REPUBLIKA.CO.ID, JAKARTA -- Wakil Presiden Jusuf Kalla mengingatkan Perusahaan Listrik Negara (PLN) untuk tidak pelit berunding terkait pembebasan lahan untuk pembangunan pembangkit listrik. Menurutnya, justru terjadi banyak inefisiensi waktu ketika pembebasan lahan memakan waktu berlarut-larut.
"Tidak usah terlalu pelit kepada rakyat soal tanah. Padahal lahan untuk investasi pembangunan pembangkit listrik itu tidak lebih dari setengah persen dari seluruh investasi," kata wapres saat membuka Musyawarah Nasional VI Masyarakat Ketenagalistrikan Indonesia (MKI) di Kantor PLN Pusat Jakarta, Kamis (12/3).
Dia mencontohkan, masalah pembebasan lahan untuk pembangkit listrik tanaga uap (PLTU) di Batang, Jawa Tengah, bisa ditawarkan Rp 100 ribu per meter persegi, maka untuk lahan seluas 226 hektare hanya menghabiskan Rp 200 miliar.
"Padahal investasinya Rp 40 triliun, lalu hanya karena Rp 200 miliar berantemnya sampai dua tahun," kata Wapres.
Sementara itu, Ketua MKI Harry Jaya Pahlawan mengatakan proses pembebasan lahan menjadi salah satu kendala dalam membangun proyek pembangunan PLTU.

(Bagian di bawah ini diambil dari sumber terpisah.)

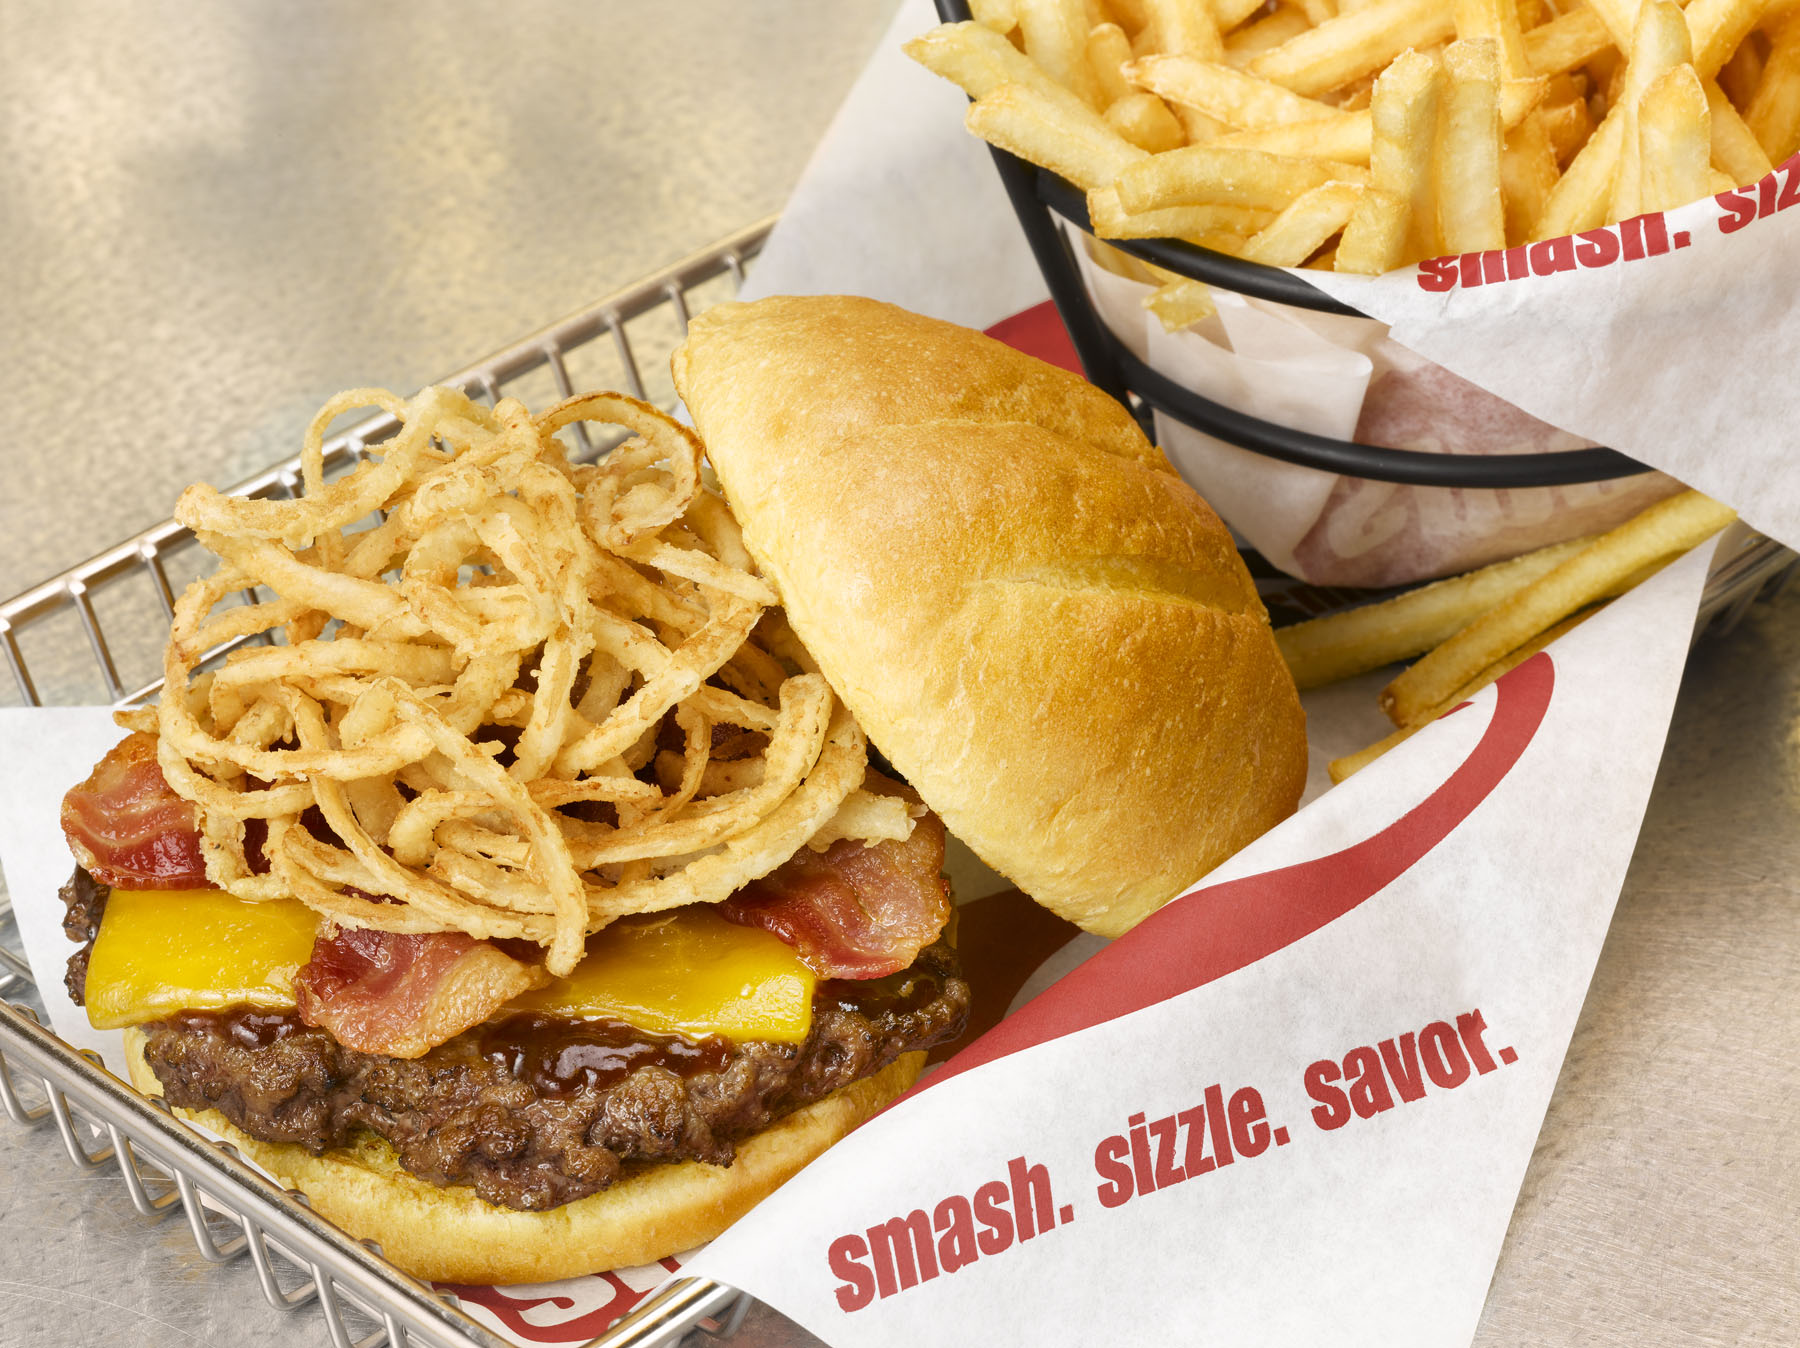 Win a sneak peek & dinner for 4 at the newest Smashburger ...

"Pembangunan infrastruktur, salah satunya pembangkit tenaga listrik, mengalami persoalan utamanya di pembebasan lahan," kata Harry.
Pembebasan lahan untuk proyek 2 x 1.000 MW, kata dia, terganjal upaya dialog dan perundingan dengan warga setempat. Pemerintah pun telah merevisi Peraturan Presiden Nomor 71 Tahun 2012 tentang Penyelenggaraan Pengadaan Tanah Bagi Pembangunan untuk Kepentingan Umum.

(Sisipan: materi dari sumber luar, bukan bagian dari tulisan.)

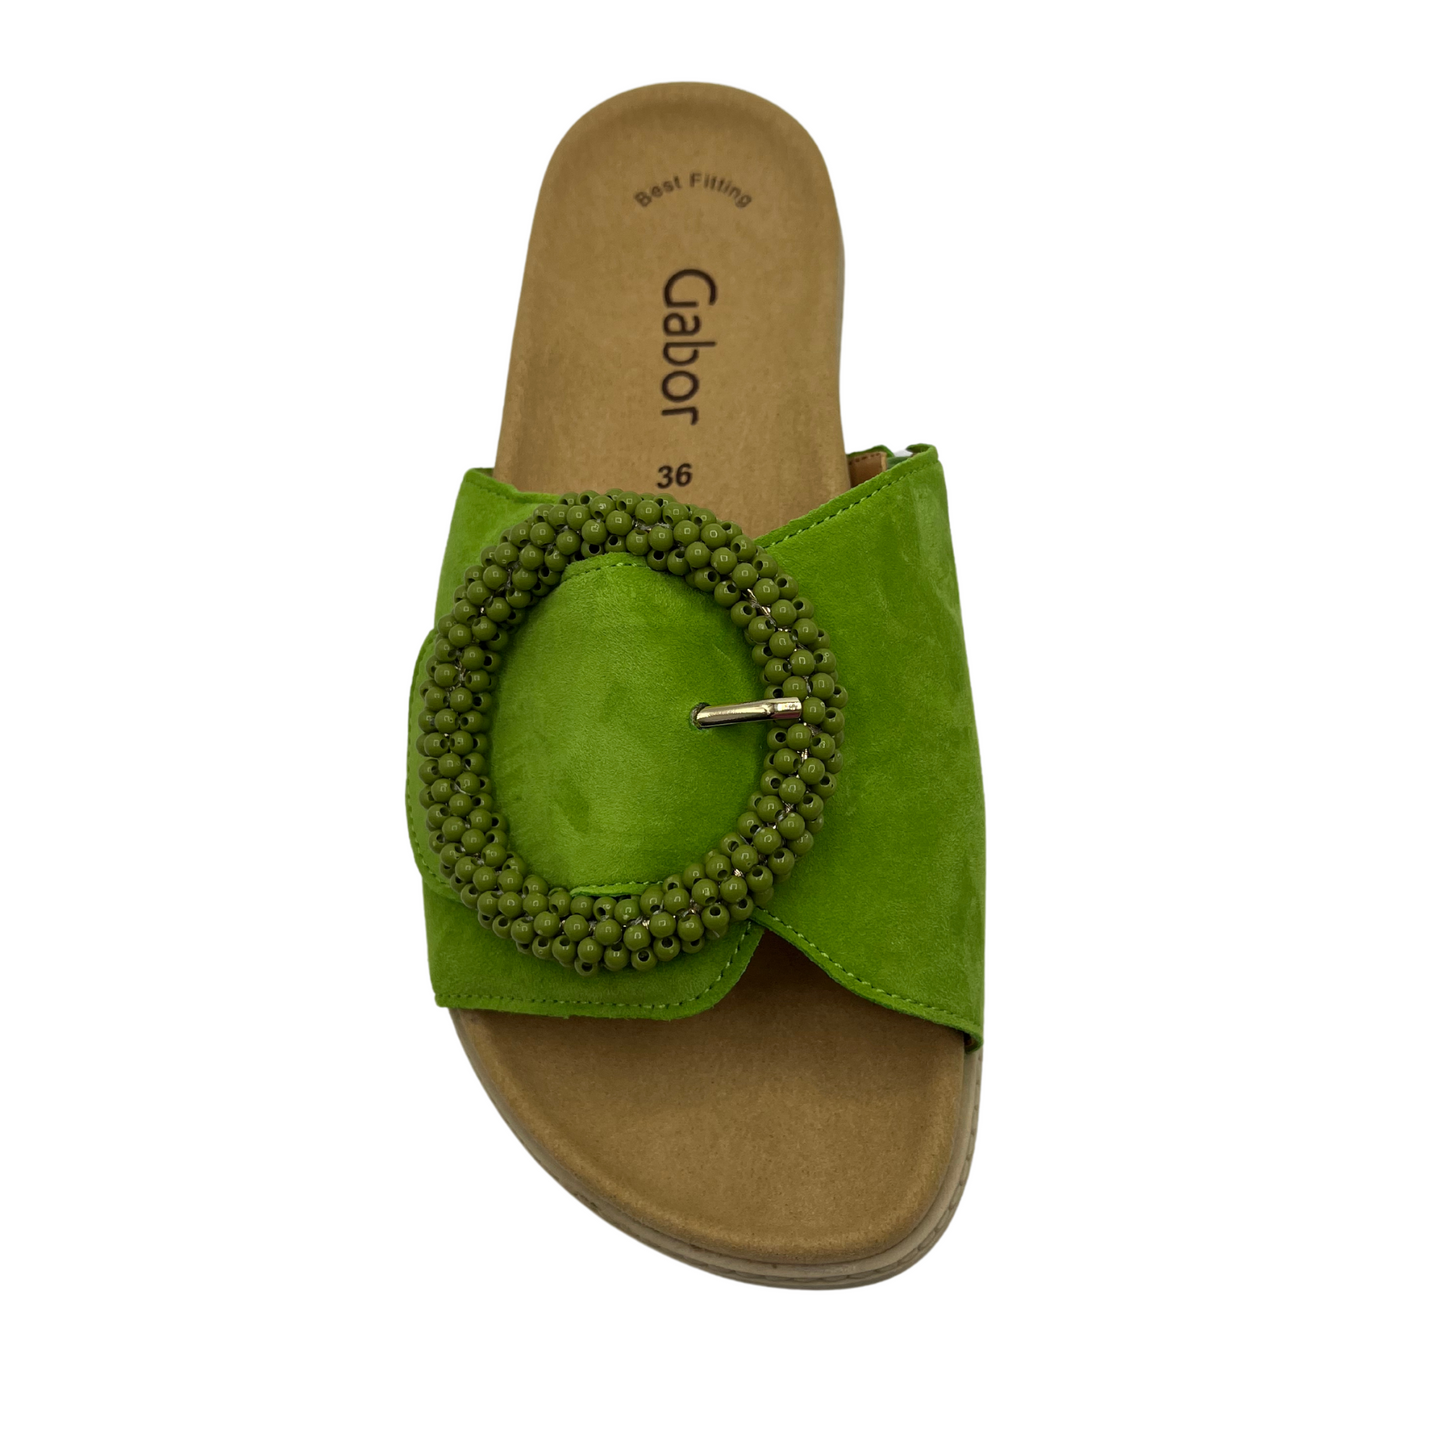 Top view of Lime green suede slide with large buckle detail and anatomical footbed

PLN menargetkan proyek pembangunan, yang tadinya akan diselesaikan 2019, dimajukan selesai pada 2018. Proyek senilai Rp 40 triliun itu mendapatkan pendanaan dari Sumitomo Mitsui Banking Corporation dan Japan Bank for International Cooperation (JBIC), serta merupakan proyek KPS konsorsium bersama PLN dengan PT Bhimasena Power Indonesia.